Sapphire Radeon HD 4670 512MB

Written by Michael Larabel in Graphics Cards on 23 September 2008 at 08:08 AM EDT. Page 1 of 9. 17 Comments.

Earlier this month the ATI Radeon HD 4600 series from AMD was unveiled as the new mid-range graphics cards derived from their flagship RV770 graphics core. The Radeon HD 4650 and Radeon HD 4670 are the two RV730-based products now available. The ATI Radeon HD 4670 may not be able to compete with the Radeon HD 4800 series in all of the tests, but at a price of under $100 USD is it worth pursuing?
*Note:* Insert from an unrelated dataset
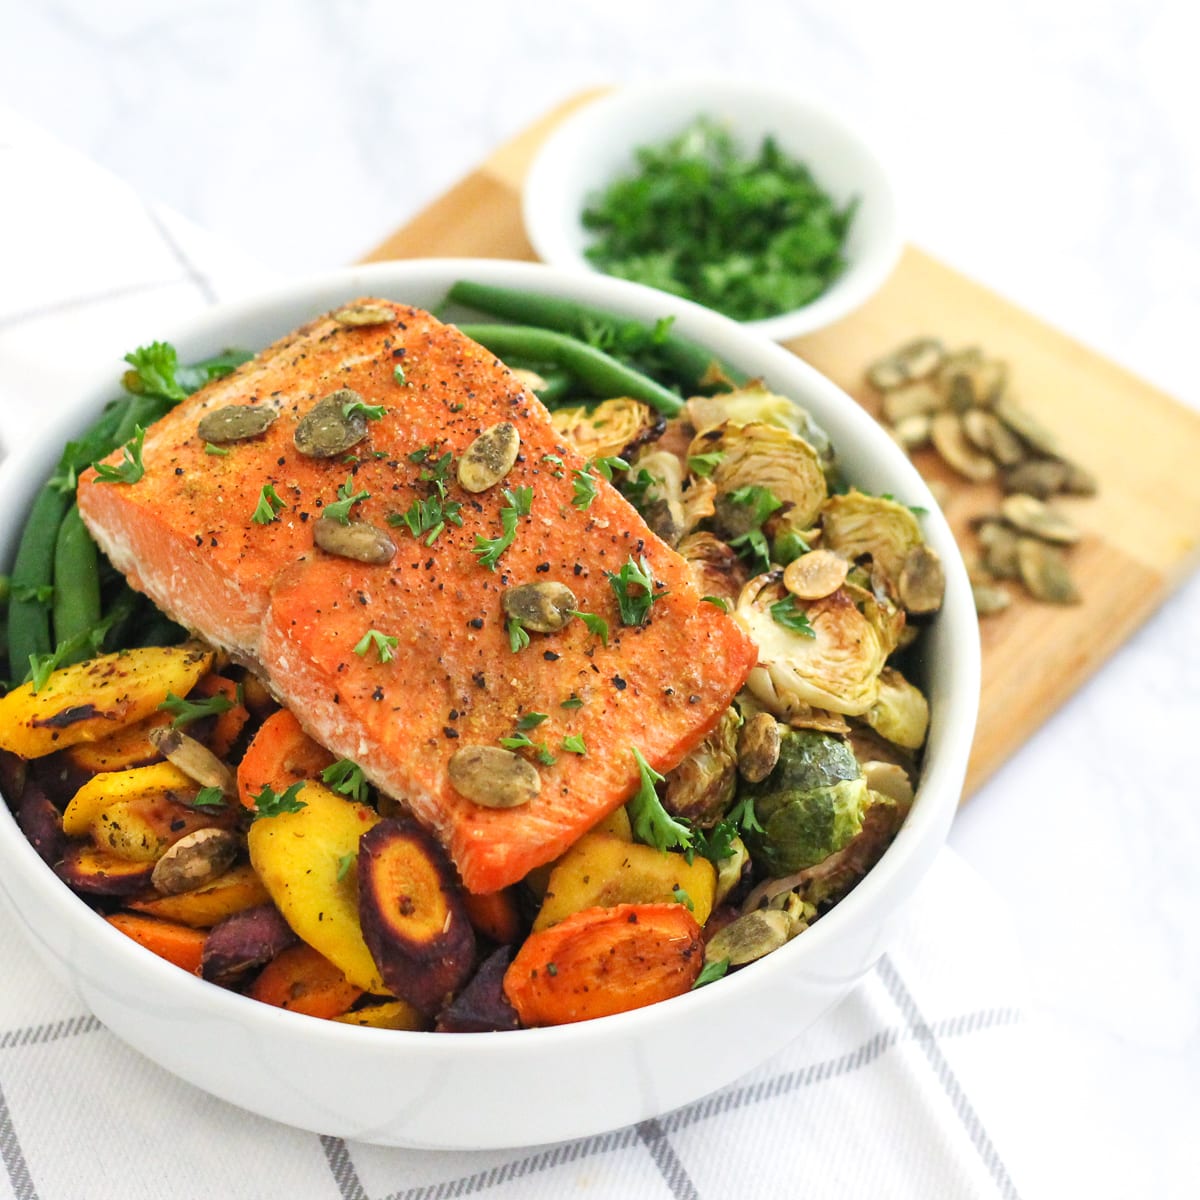 Sheet Pan Salmon and Herb Roasted Vegetables | Paleo, pescetarian and Whole30 friendly, this high-protein, easy dinner is one you'll want on standby | My Fresh Perspective | #pescetarian #paleo #whole30 #whole30recipes #antiinflammatory

For this article we have our hands on the brand new Sapphire Radeon HD 4670 512MB graphics card as we test it on Ubuntu Linux to see how well it can perform in our OpenGL tests and overclock with the recently added OverDrive support.

Features:

- 320 Stream Processing Units
- 128-bit Memory Interface
- 24x Custom Filter Anti-Aliasing (CFAA)
- High-Performance Anisotropic Filtering
- Dual-mode ATI CrossFireX
- PCI Express 2.0 Support
- Dynamic Geometry Acceleration, Game Physics Processing Capability
- ATI Avivo HD Video
- Unified Video Decoder 2 (UVD2)
- Accelerated Video Transcoding
- Build-In HDMI w/ 7.1 Surround Sound Audio
- OpenGL 2.1 / Microsoft DirectX 10.1

Contents:

The Sapphire Radeon HD 4670 512MB graphics card had arrived in similar packaging to other Sapphire graphics cards we have reviewed in the past. Advertised on the exterior of the packaging was the 7.1 channel audio, 3840 x 2400 maximum resolution, 512MB of GDDR3 memory, HDMI support, PCI Express 2.0, HD video, and the energy efficiency of this graphics card. Included with this PCI Express graphics card was an S-Video to RCA video adapter, one CrossFire bridge, component video adapter, DVI to HDMI adapter, DVI to VGA adapter, Sapphire driver CD, graphics card user's manual, CyberLink DVD Suite, Ruby ROM Volume II, and CyberLink PowerDVD 7. Sadly, on the Sapphire driver CD is still just the Windows XP/Vista drivers. Sapphire Technology has yet to include any Linux driver on their product CDs.